Because of privacy laws, Melendez said he was prevented from naming the people targeted for firings. But he did describe the top management positions affected, which indirectly disclosed the proposed terminations of Kajiyama and Gulledge.

Those facing firings have seven days to respond to their letters. If the TSA goes through with the terminations, the workers have 30 days to appeal.

Attorney David Borer, general counsel for the AFGE in Washington, D.C., said he is sending one or two lawyers to Hawaii to assist the affected workers.

Borer said employees who were interviewed during the investigation were told little about its focus and were instructed not to talk about it. "The whole thing was pretty mysterious from the start," he said.

THE ALLEGATIONS FIRST surfaced in December when two TSA employees reported that luggage was allowed to go on flights without being screened or checked for explosives at Lobby 4.

Most of the flights where bags were not screened took off in the morning. Lobby 4 is used by Air Canada, Air New Zealand, Air Pacific, Alaska Air, All Nippon Airways, China Airlines, Delta Airlines, Jetstar Airways, Korean Air, Philippine Airlines, Qantas and WestJet.

Paul McElroy, a spokesman for Alaska Air, said his airline had no issues with TSA's processing of baggage.

Melendez said transportation security officers are required to operate explosive detection and explosive-trace detection systems. The job requires operation of machines, as well as checking bags by hand.

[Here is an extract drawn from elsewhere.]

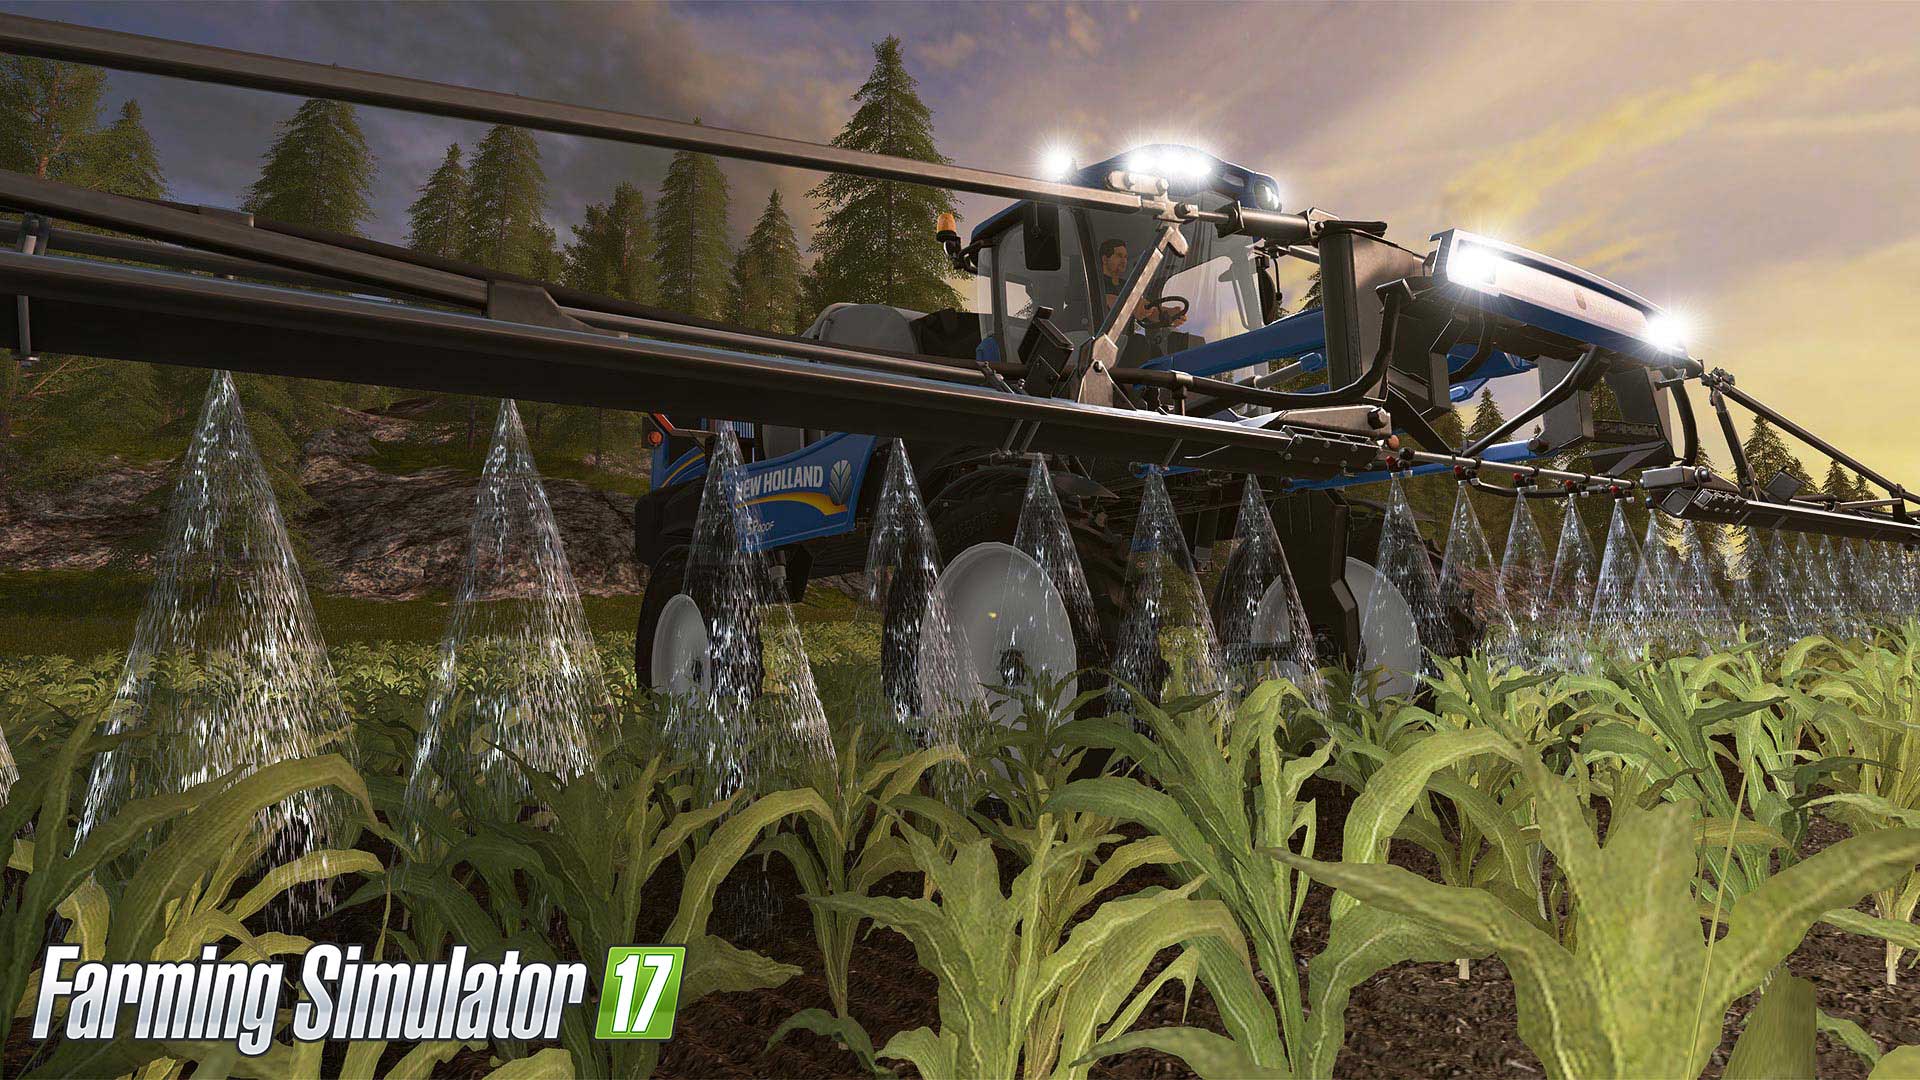 farming simulator 18 pc

Temporary replacements for the 48 affected employees began working Friday. The process of hiring permanent replacements will begin "in the coming weeks," Melendez said. "But we need to go through due process, and the appeals process, for these people who are being proposed for removal. That process takes time, and when it's complete we'll begin hiring."

Stanford Miyamoto, who serves as TSA's deputy area director, was named acting federal security director Friday, replacing Kajiyama.

This is not the first time that TSA workers in Hawaii have come under scrutiny.

In April, Dawn Nikole Keka, a lead TSA officer at Kona Airport, pleaded guilty in federal court to misdemeanor theft charges of stealing cash from Japanese travelers passing through her screening lane. She will be sentenced in July.

Keka was caught in a sting operation when a TSA special agent posing as a Japanese tourist went through Keka's lane with 13 marked $100 bills in a wallet in a Hello Kitty backpack.

After the publicity of Keka's arrest in March, other travelers and even some of Keka's former co-workers stepped forward with more theft accusations. One man claimed he lost $9,000.

The TSA conducted the sting and arrested Keka on March 11. She resigned the following Monday. She said she took two $100 bills from the undercover agent's backpack while searching it for contraband.